* TASK: Find the line below with "Новогоднее подвесное украшение" and the line with "Starman 投資世界 : 《現金流為王2》導讀 -- 「現金流為王」的投資理念". Output exactly those lines and everything between them, leaving out the pictures.

* RECORDS FOR THIS TASK:
------------------------------------------------------------

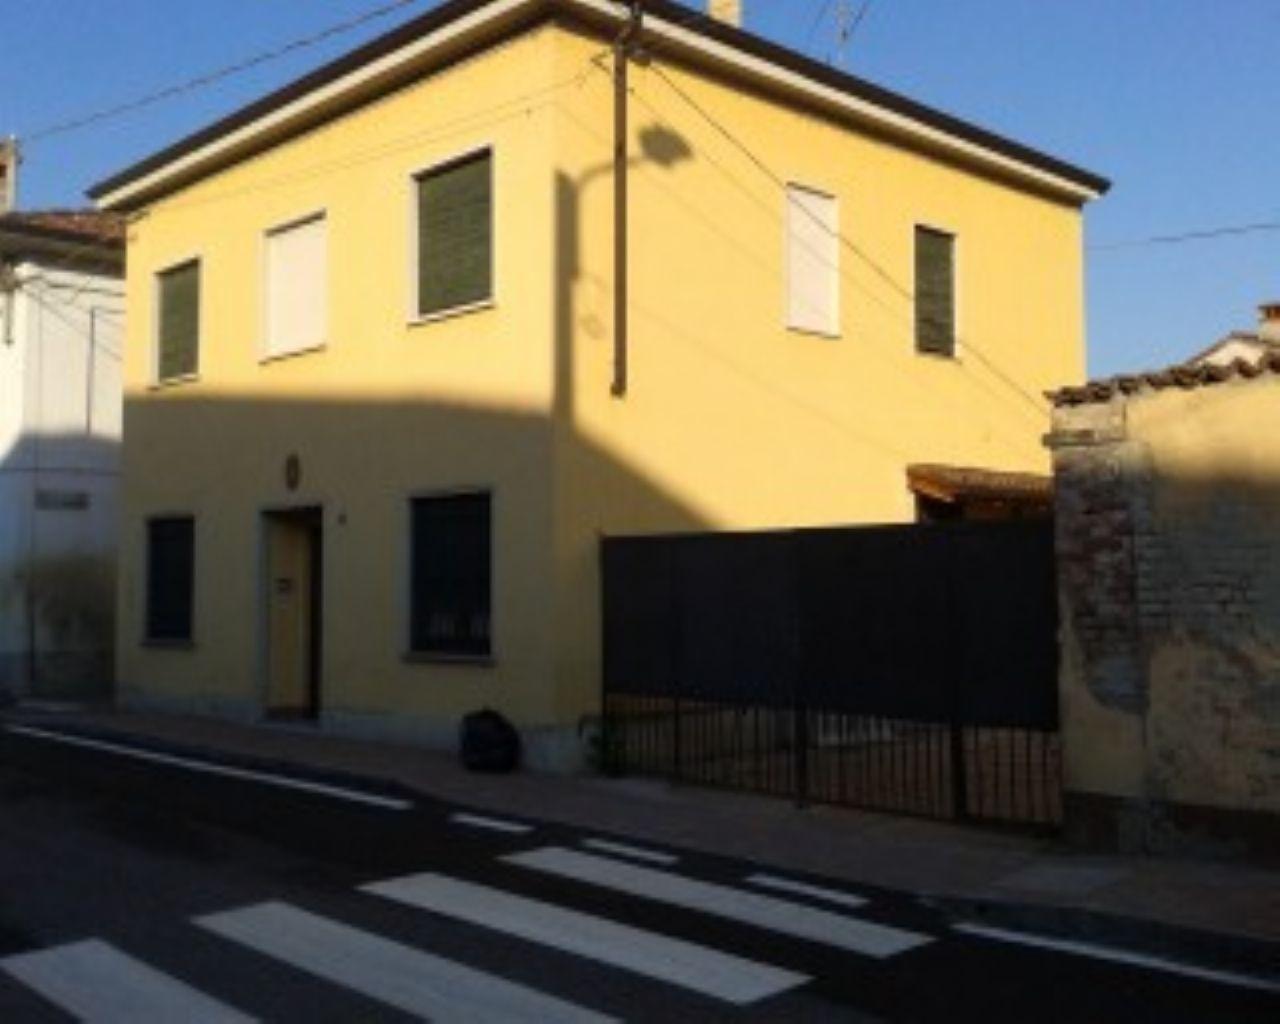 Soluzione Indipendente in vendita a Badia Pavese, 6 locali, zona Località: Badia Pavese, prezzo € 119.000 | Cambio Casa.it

------------------------------------------------------------

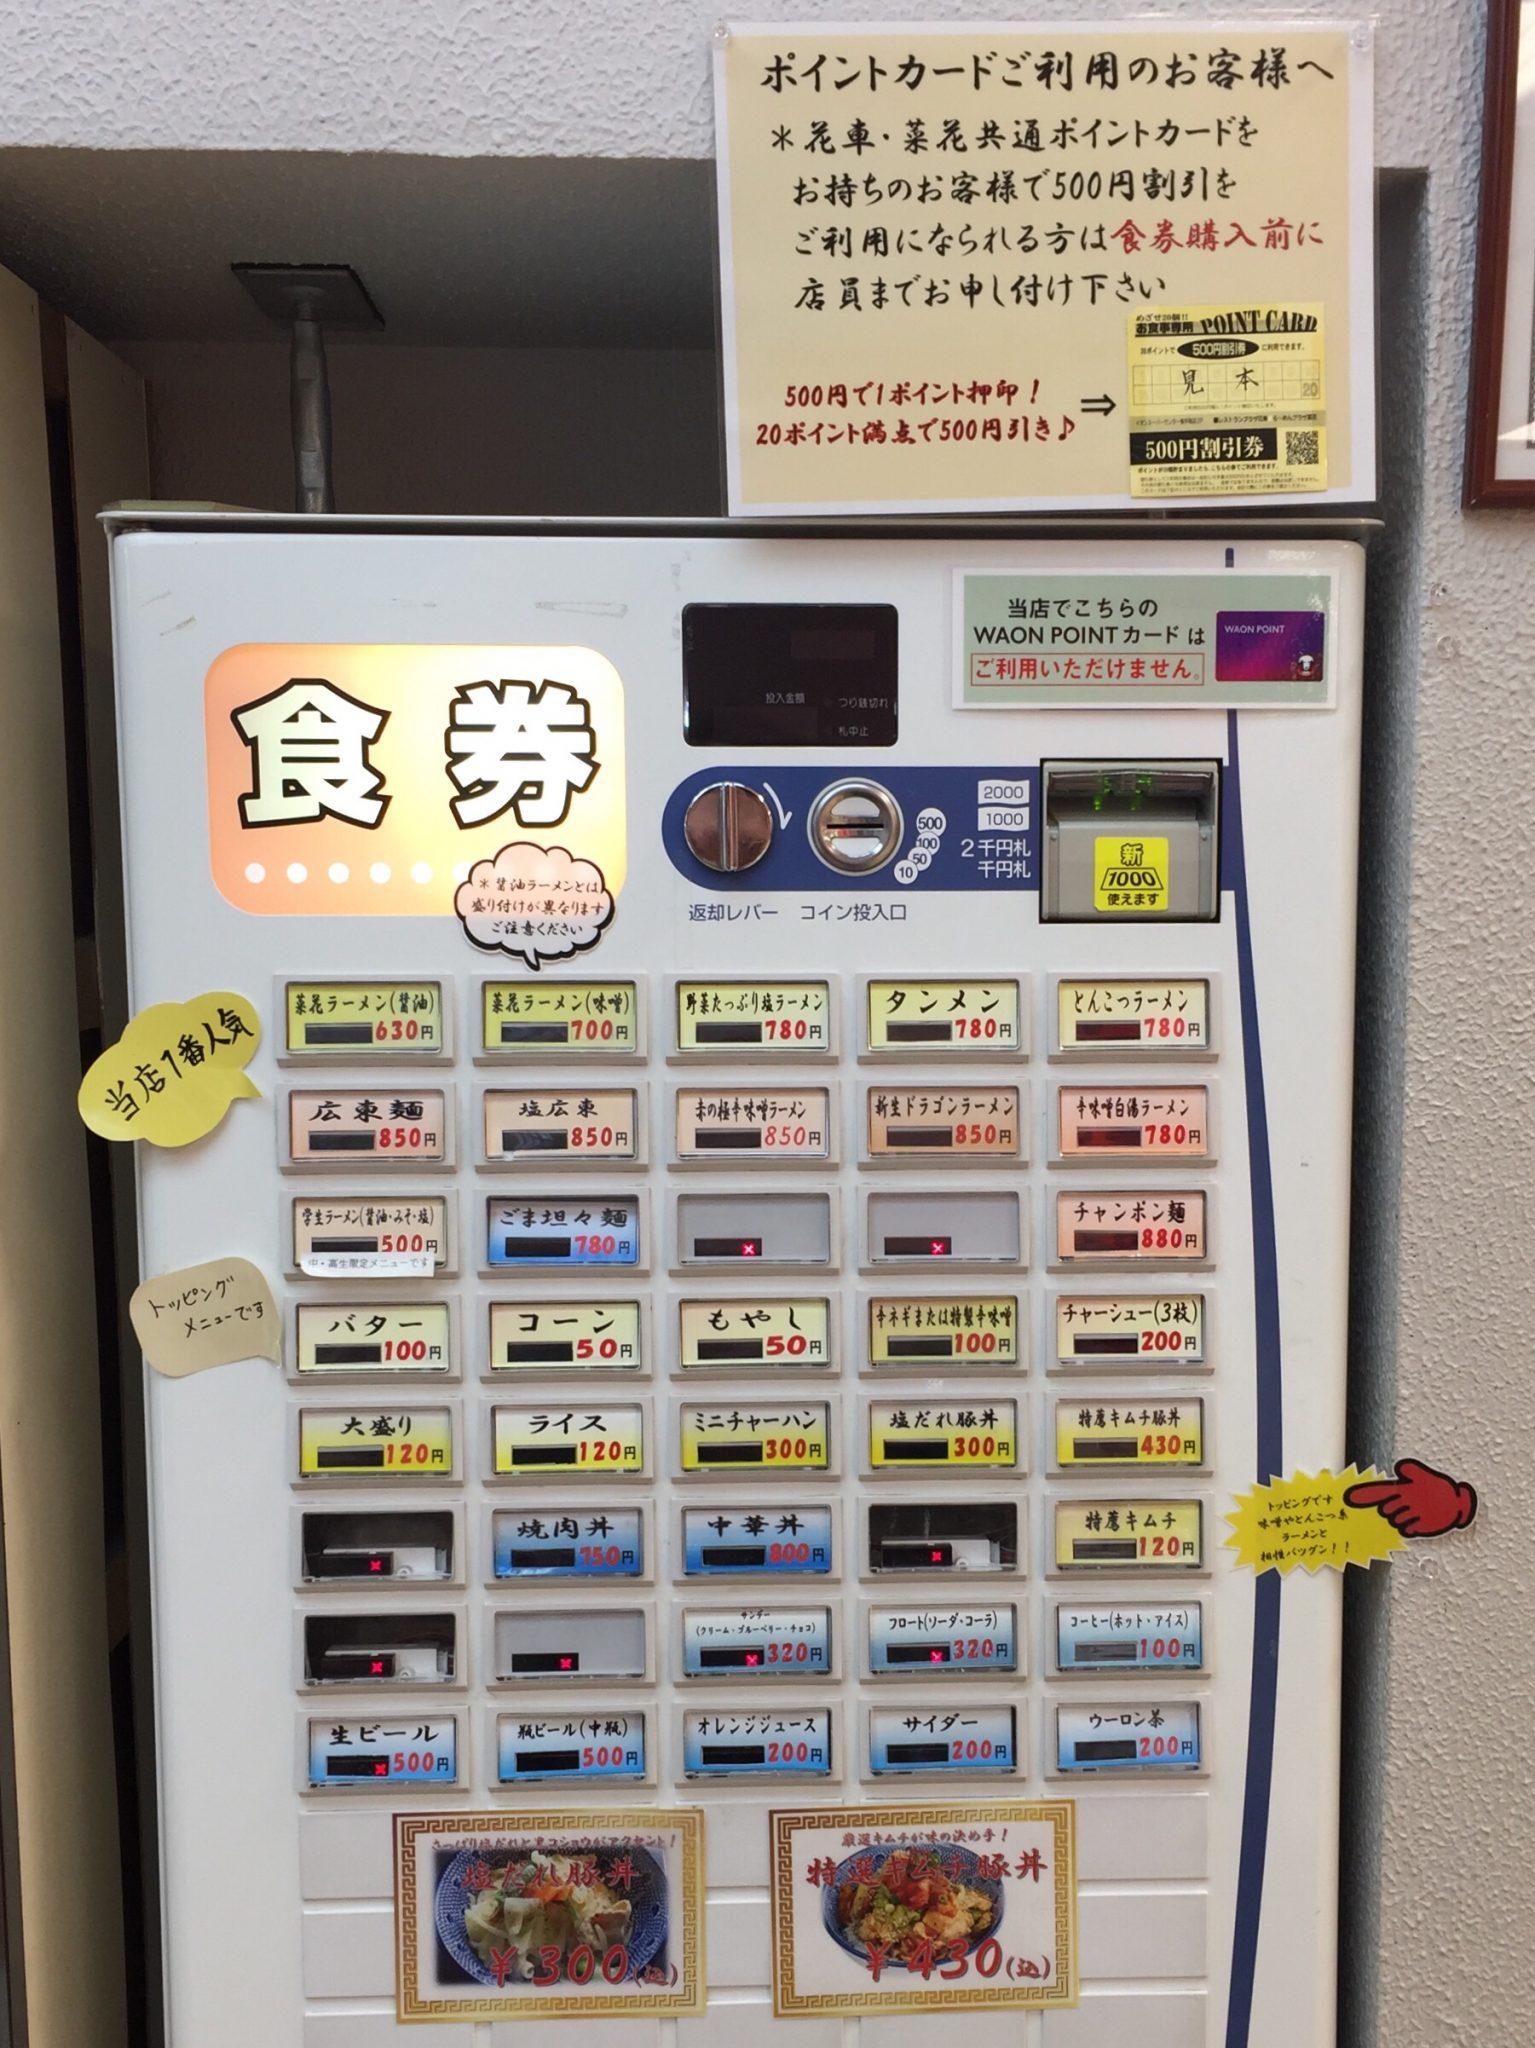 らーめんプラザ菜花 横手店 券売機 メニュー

------------------------------------------------------------

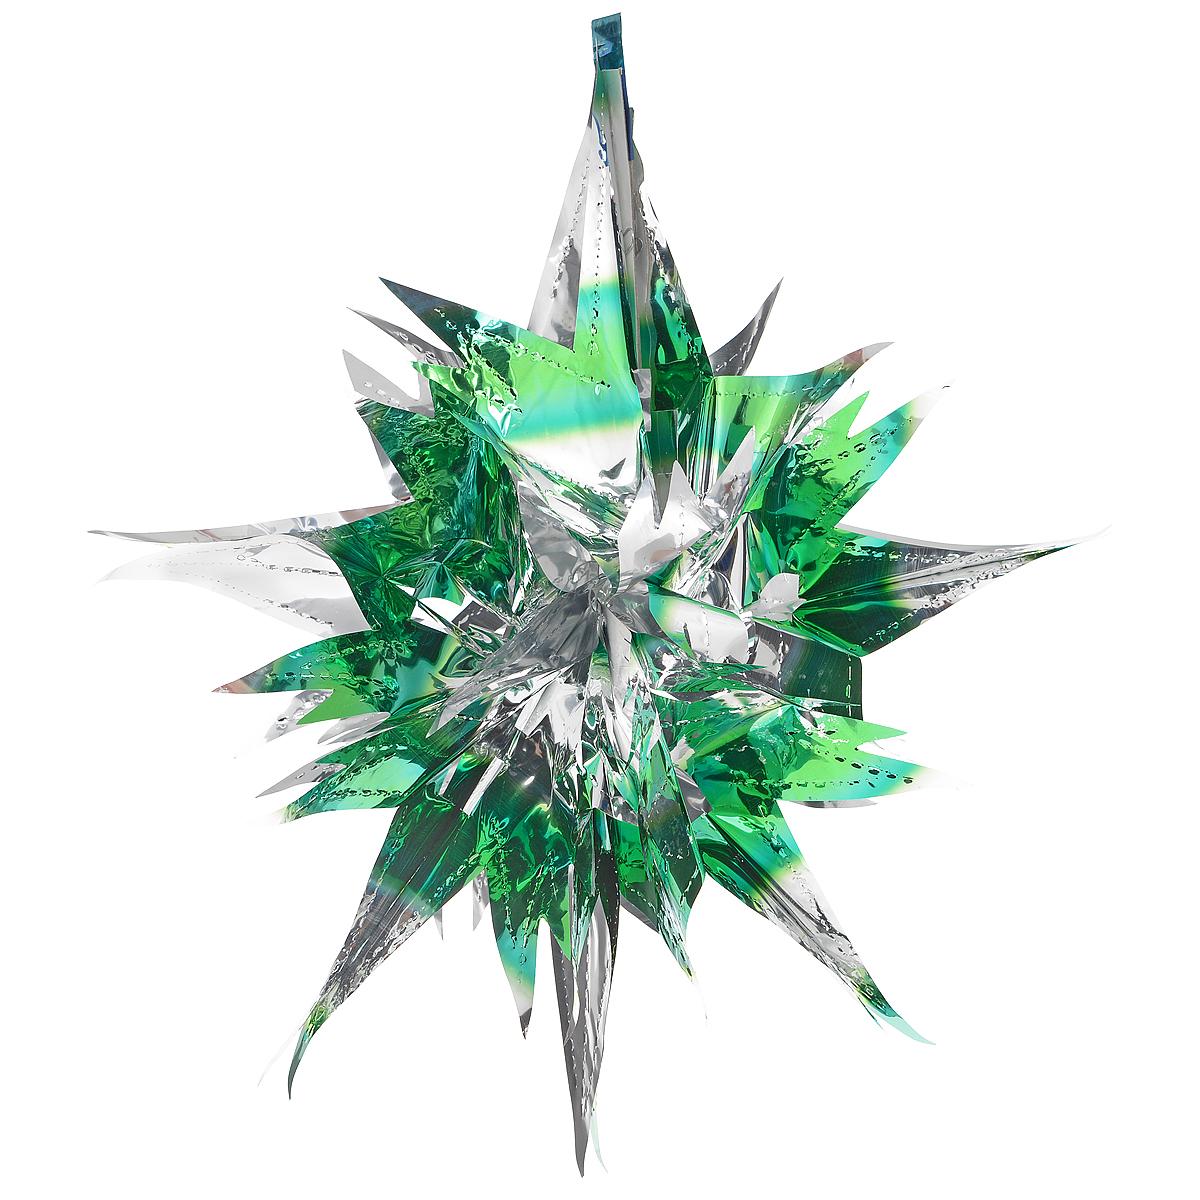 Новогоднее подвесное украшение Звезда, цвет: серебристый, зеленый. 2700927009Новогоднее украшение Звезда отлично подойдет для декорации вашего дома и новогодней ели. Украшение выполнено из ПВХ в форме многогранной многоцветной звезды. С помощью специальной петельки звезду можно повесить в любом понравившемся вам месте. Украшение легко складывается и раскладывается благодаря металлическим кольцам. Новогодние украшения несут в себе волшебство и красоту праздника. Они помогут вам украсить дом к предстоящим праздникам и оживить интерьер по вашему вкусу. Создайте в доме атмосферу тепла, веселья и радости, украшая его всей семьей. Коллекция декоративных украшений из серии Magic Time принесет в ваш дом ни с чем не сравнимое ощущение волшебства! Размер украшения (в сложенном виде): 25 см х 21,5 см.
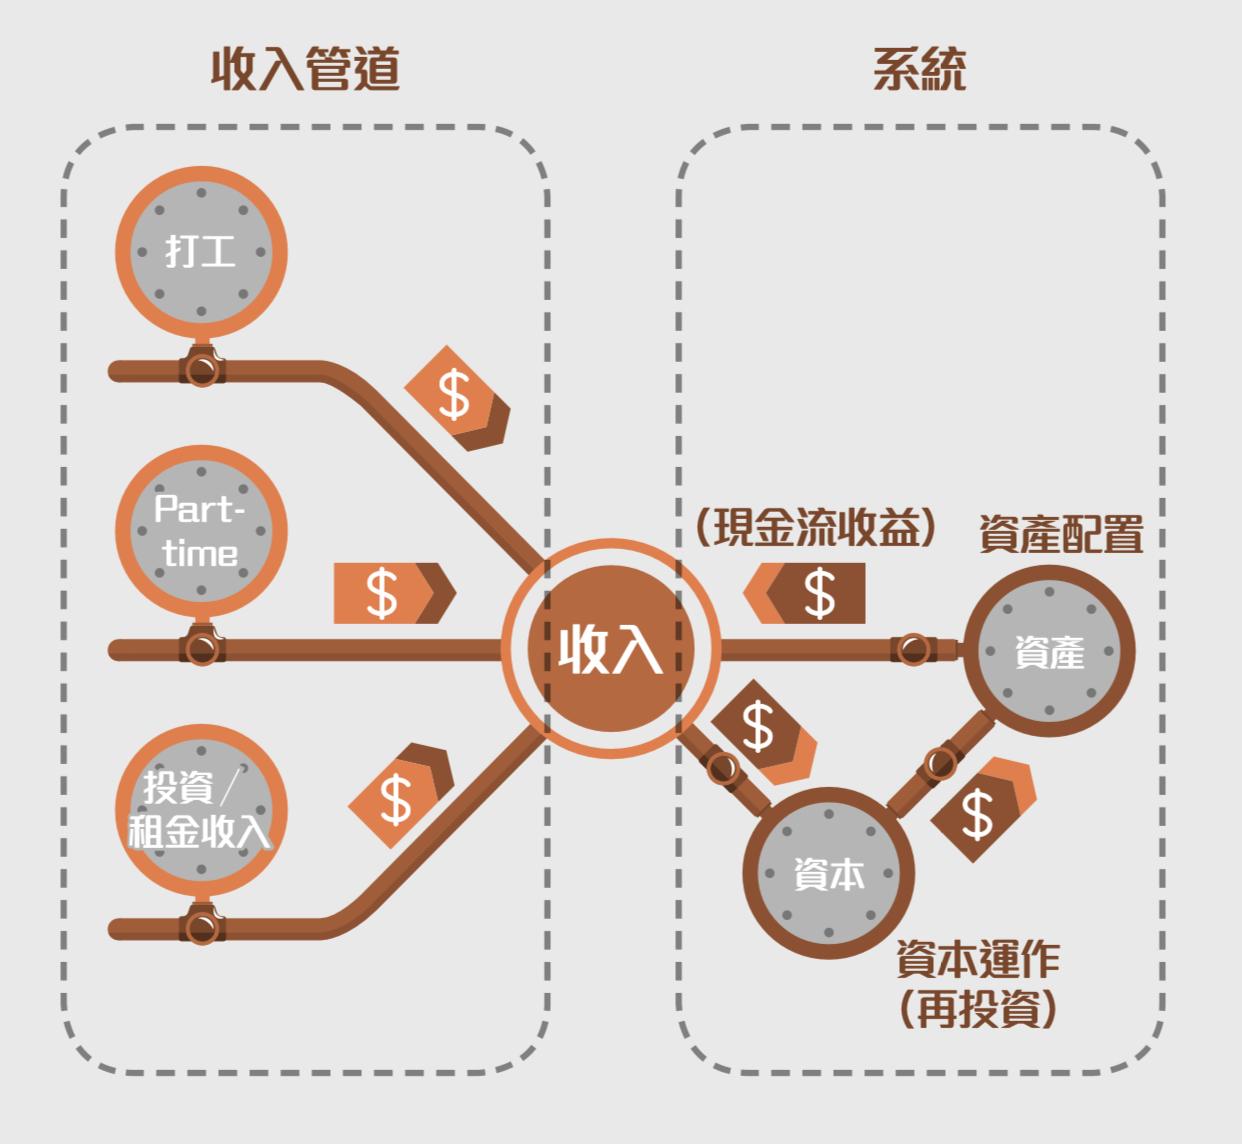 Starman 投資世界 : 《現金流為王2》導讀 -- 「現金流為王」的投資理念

------------------------------------------------------------

* TASK OUTPUT:
 Новогоднее подвесное украшение Звезда, цвет: серебристый, зеленый. 2700927009Новогоднее украшение Звезда отлично подойдет для декорации вашего дома и новогодней ели. Украшение выполнено из ПВХ в форме многогранной многоцветной звезды. С помощью специальной петельки звезду можно повесить в любом понравившемся вам месте. Украшение легко складывается и раскладывается благодаря металлическим кольцам. Новогодние украшения несут в себе волшебство и красоту праздника. Они помогут вам украсить дом к предстоящим праздникам и оживить интерьер по вашему вкусу. Создайте в доме атмосферу тепла, веселья и радости, украшая его всей семьей. Коллекция декоративных украшений из серии Magic Time принесет в ваш дом ни с чем не сравнимое ощущение волшебства! Размер украшения (в сложенном виде): 25 см х 21,5 см.
 Starman 投資世界 : 《現金流為王2》導讀 -- 「現金流為王」的投資理念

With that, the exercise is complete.